Action item:
With the pictures left out, write out exactly the lines of the listing below that run from the line with "jetsurf_sport2020_white" through the line with "Amazon founder and".

Source material:
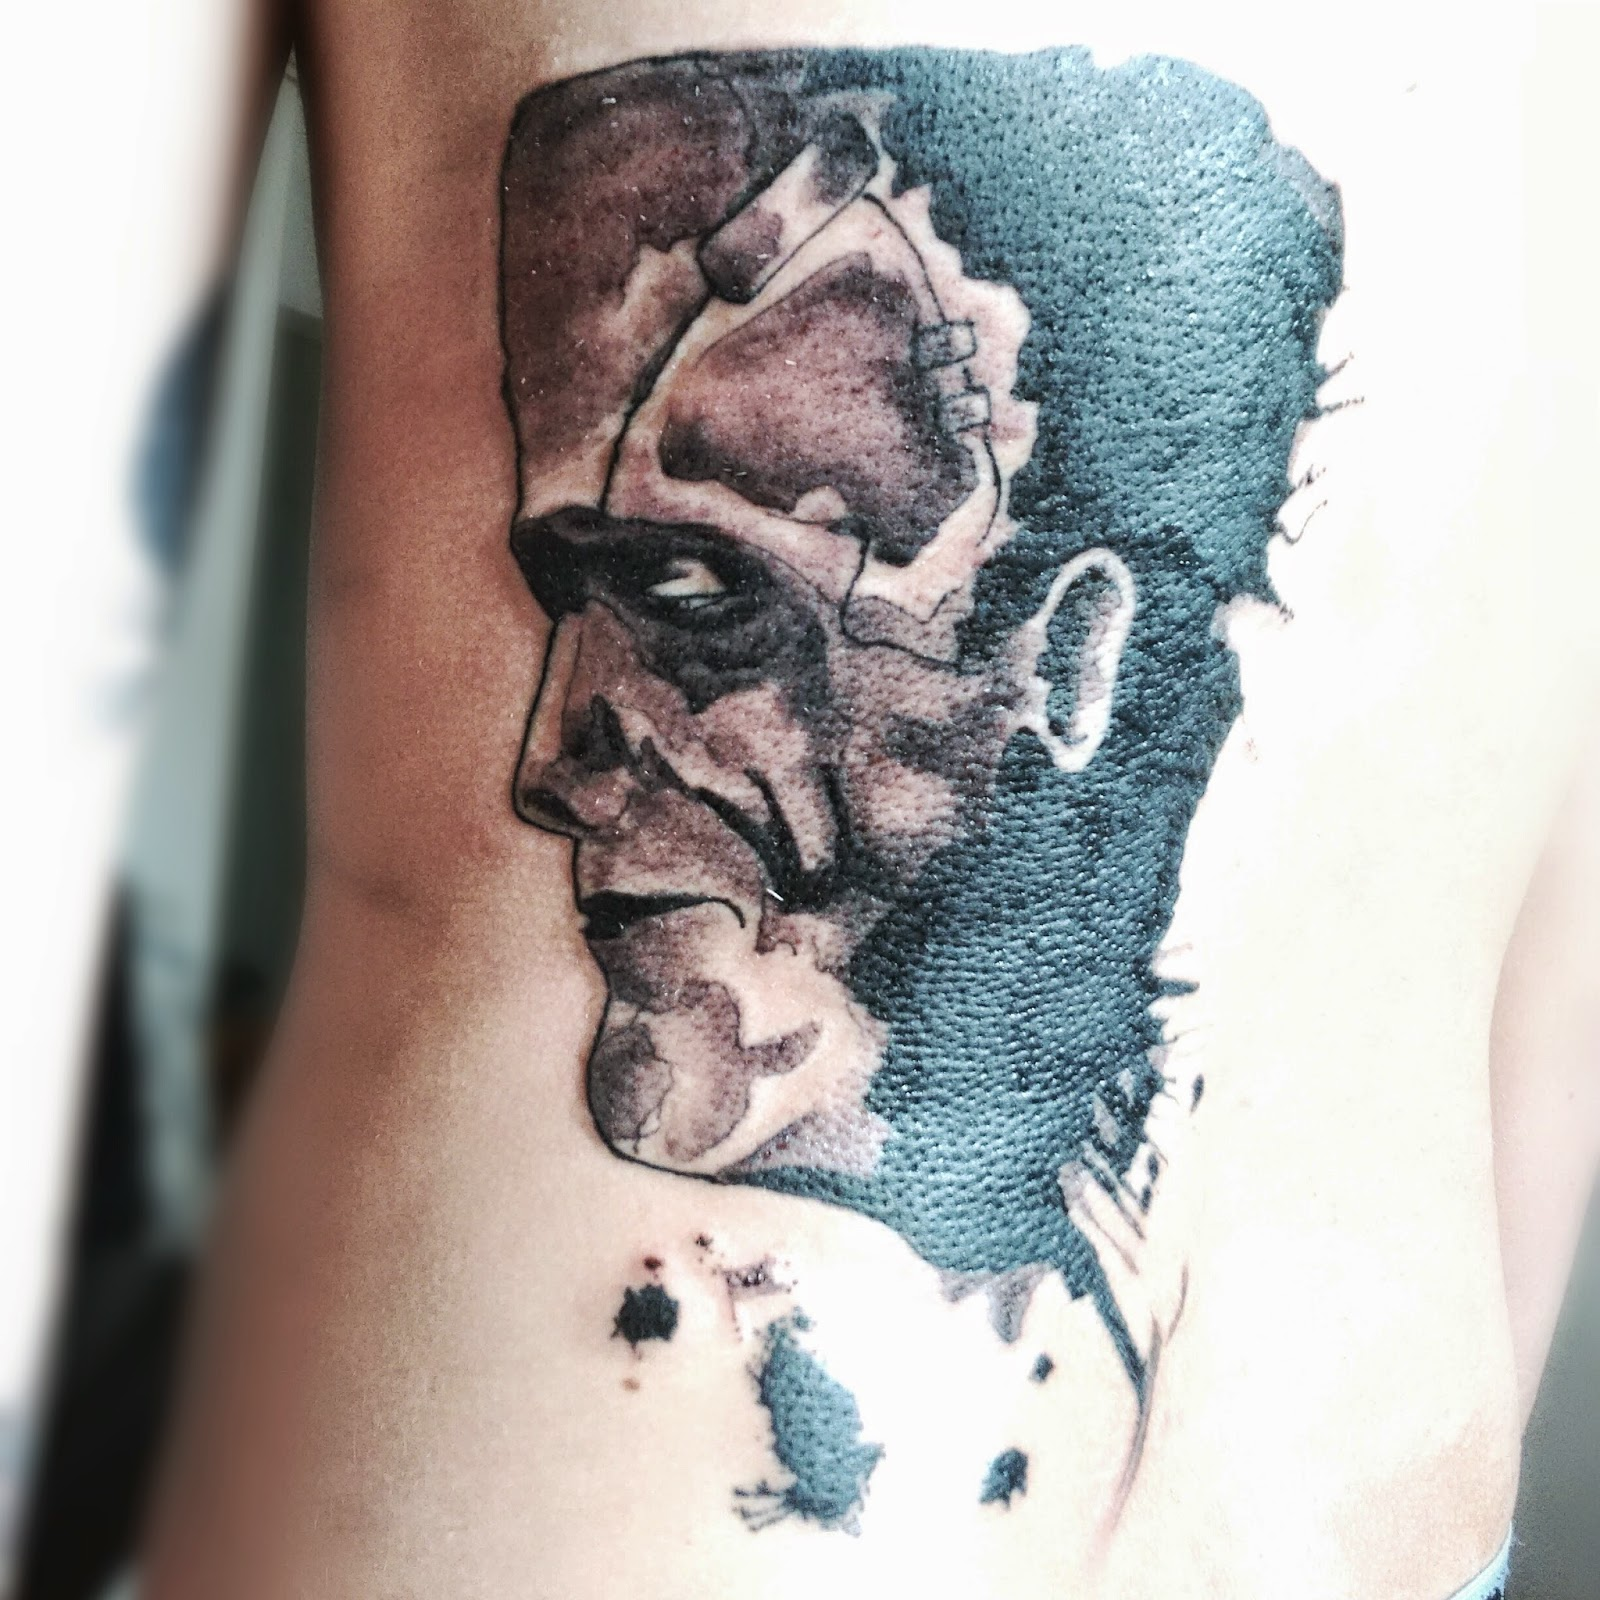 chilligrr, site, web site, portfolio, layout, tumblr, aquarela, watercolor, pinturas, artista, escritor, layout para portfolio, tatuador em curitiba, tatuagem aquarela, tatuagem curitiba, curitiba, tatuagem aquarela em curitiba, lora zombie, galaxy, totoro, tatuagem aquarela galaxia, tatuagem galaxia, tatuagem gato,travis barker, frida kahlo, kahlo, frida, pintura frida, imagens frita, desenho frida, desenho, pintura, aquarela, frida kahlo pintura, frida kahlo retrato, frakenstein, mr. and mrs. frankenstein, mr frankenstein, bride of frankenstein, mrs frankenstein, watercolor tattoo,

...

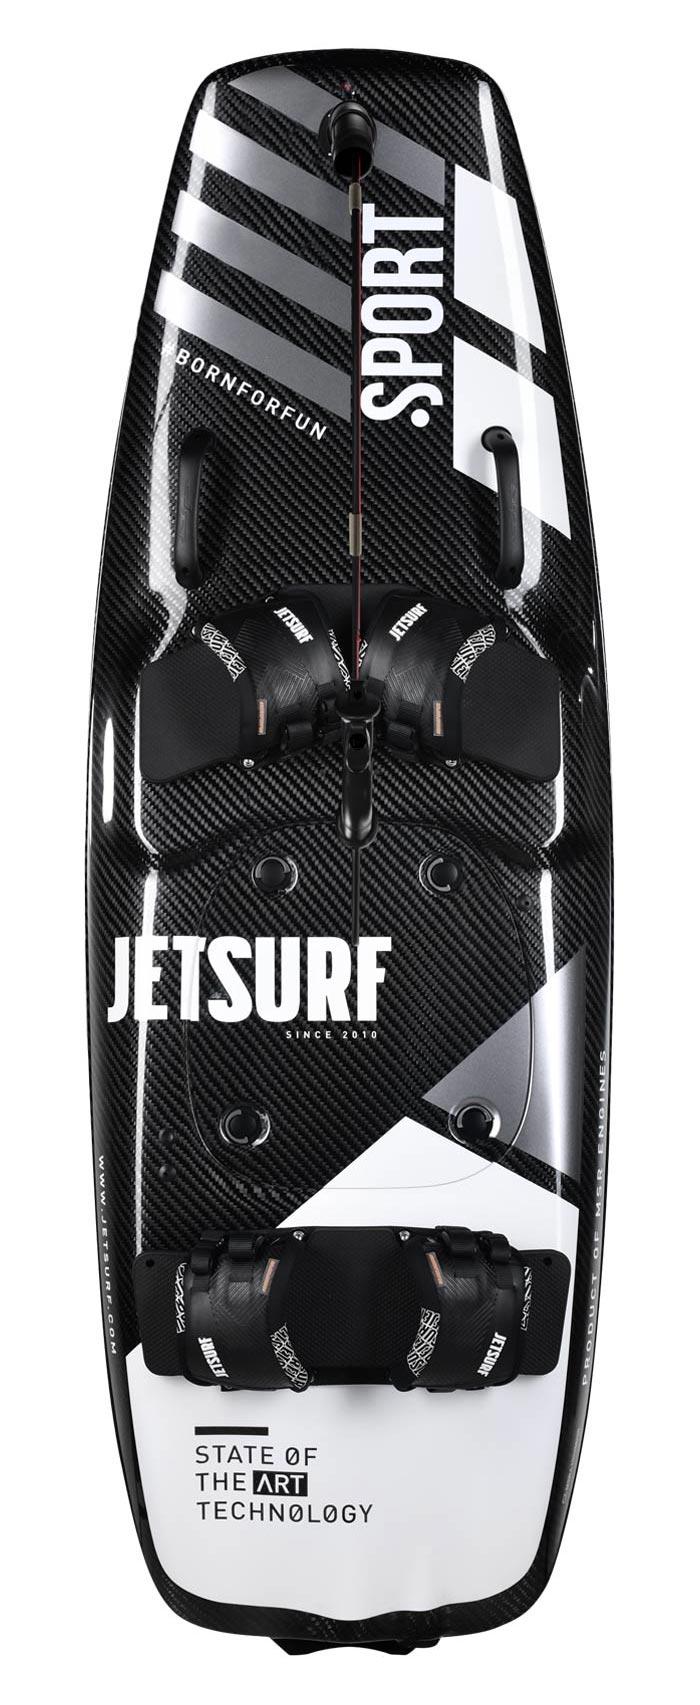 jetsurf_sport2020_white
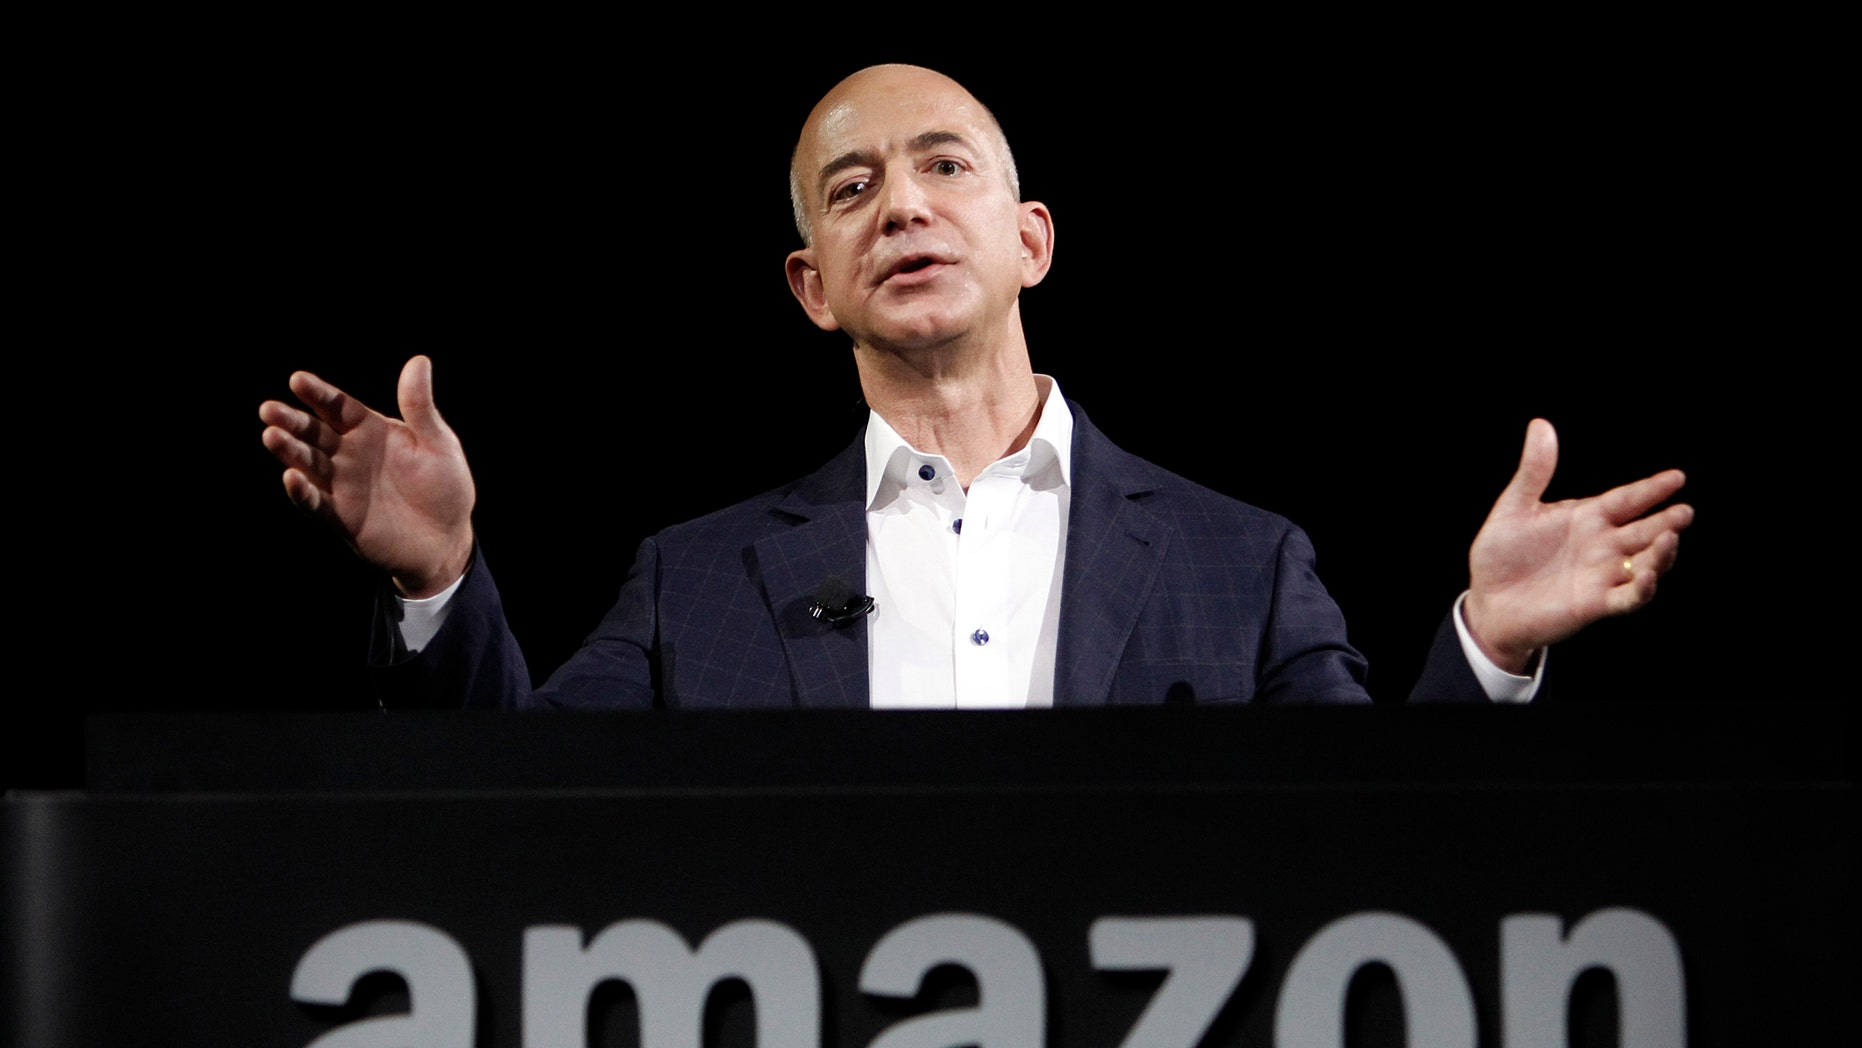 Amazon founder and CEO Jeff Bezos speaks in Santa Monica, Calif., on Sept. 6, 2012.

--

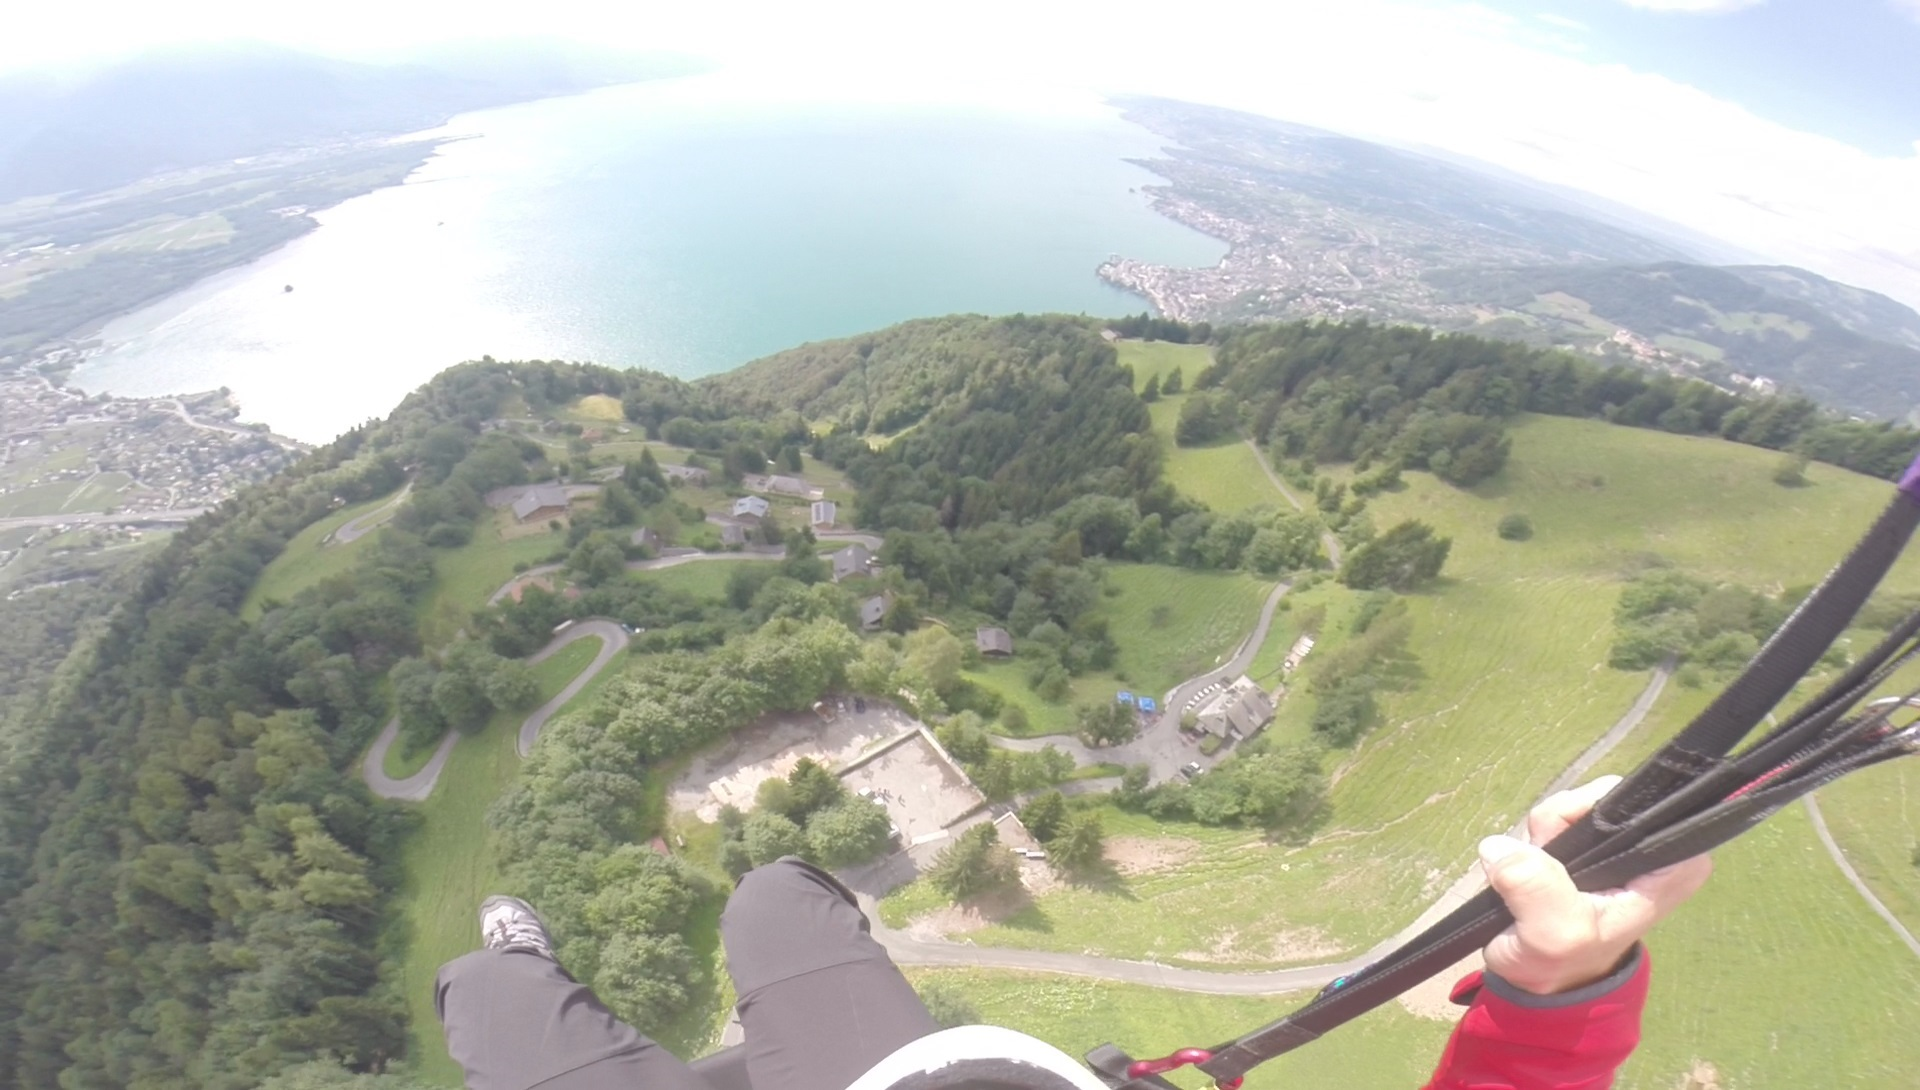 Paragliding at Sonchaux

Output:
 jetsurf_sport2020_white
 Amazon founder and CEO Jeff Bezos speaks in Santa Monica, Calif., on Sept. 6, 2012.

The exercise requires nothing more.